We forget to take life as it is and instead try to mould life the way we want and feel it should be...

What we do forget is that greater hand above which is always at work and giving us the better and best but in its own time...

We need to remember to have patience and trust for then can we see the true miracles in our everyday life...

And that is,

Ourself :D

Afterall Faith along with Love can move Mountains...

Thursday, January 30, 2014

TO BE IS TO HOPE...

So, had an almost fight with my brother, as he's not very happy with my choice of study center. But, i held my ground and kind of let him know that i was going to stick with my decision, no matter what the result. I don't think he liked it very much, i mean i know he loves me, wants to protect me and wants the best for me.

But my dear brother, i wish i could say it upfront so that you know and you could understand, that i love you, respect you, believe in you with all my heart, i have always looked up to you, looked at you for suggestions and advice's whenever i have needed one. But that's the thing, i have always been dependent on you or other loved ones to show me the right way, i have never chosen one.
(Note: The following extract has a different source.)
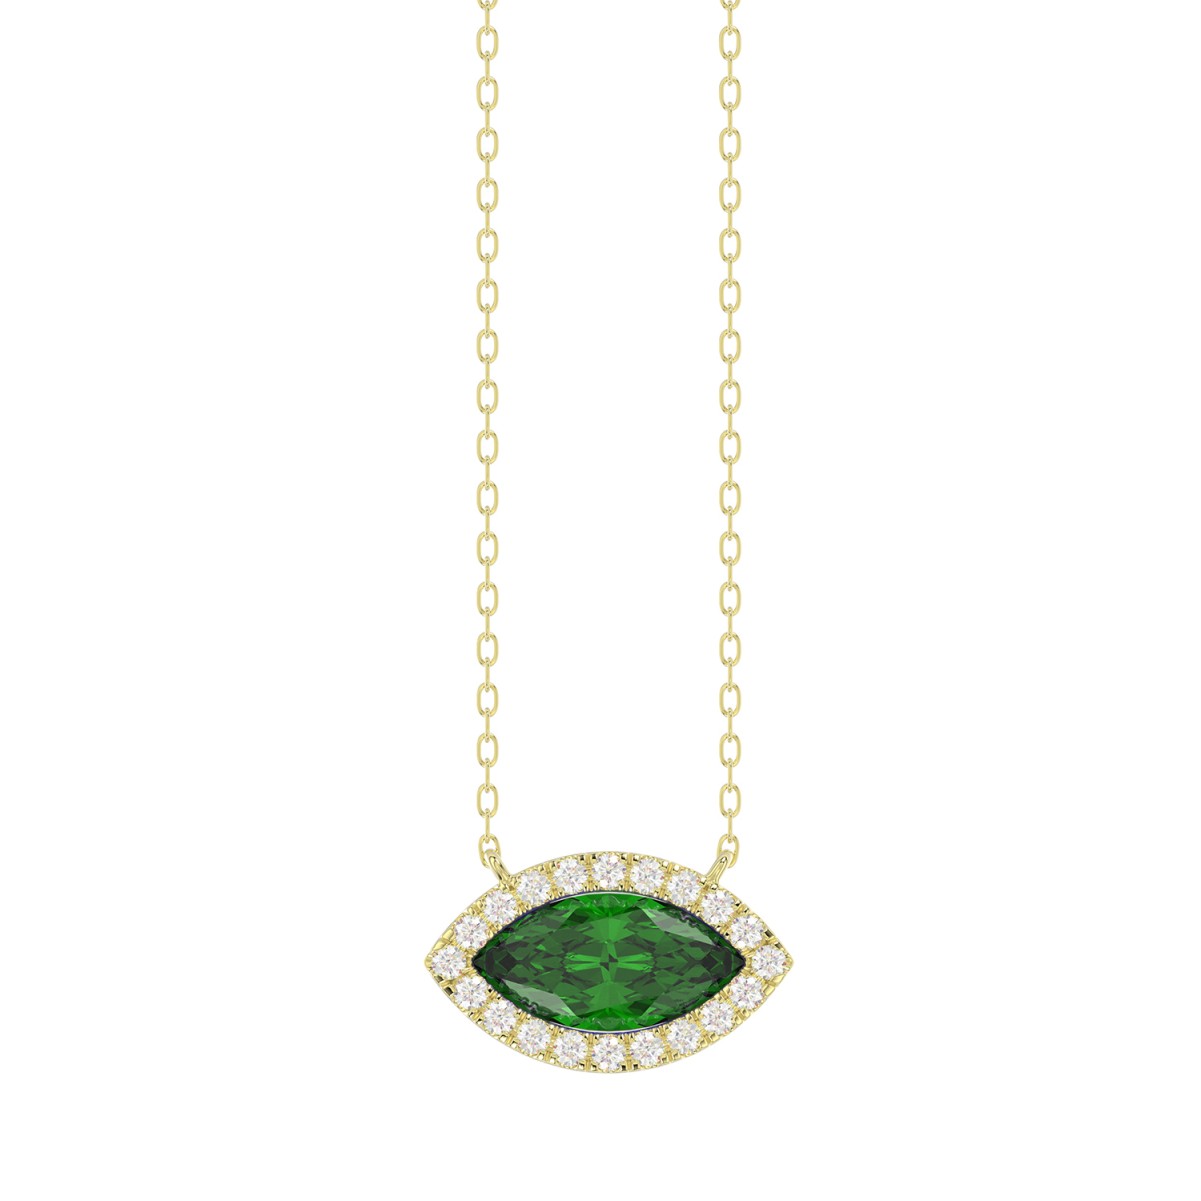 18K YELLOW GOLD 7/8CT ROUND/MARQUISE DIAMOND LADIES NECKLACE(COLOR STONE MARQUISE GREEN EMERALD DIAMOND 3/4CT)

I have always depended on you all to tell me the difference between right and wrong, always left the most crucial decisions on you all so that i can be comfortable. This has got to change now, i have to stand up for my own good and fight for it if i need to, and this can only be done once i learn to get uncomfortable and make decisions for myself, take charge of myself.

I have blindly trusted my loved ones around me and always doubted myself, for once, i have to blindly trust myself so that i can gain the confidence i need, the lesson that i need. I hope and pray that no matter what everything turns out for the best.

My dear brother, being me, its always difficult to say it out loud what i am feeling, hence this post dedicated to you, is to let you know how much i love and respect you, how much i don't want to ever let you down, but for my sake do understand, that i need to do this, to have something of my own, decided by me, executed and implemented by me.

Its time to change, its time to stand up, to be me, and for that i have get out of that "too comfortable zone" and be uncomfortable, to make the decisions that i need to and go through with it. Not to mention that i realize that this is a three part courage and one part fool decision, but that's what life requires of us at times.

One thing i know is that no matter what today is, tomorrow will be better. And one thing that i will always have is, to thank god is for such wonderful family, extended family and friends without whom i wouldn't be here today. So, THANK YOU BABA, LOVE YOU.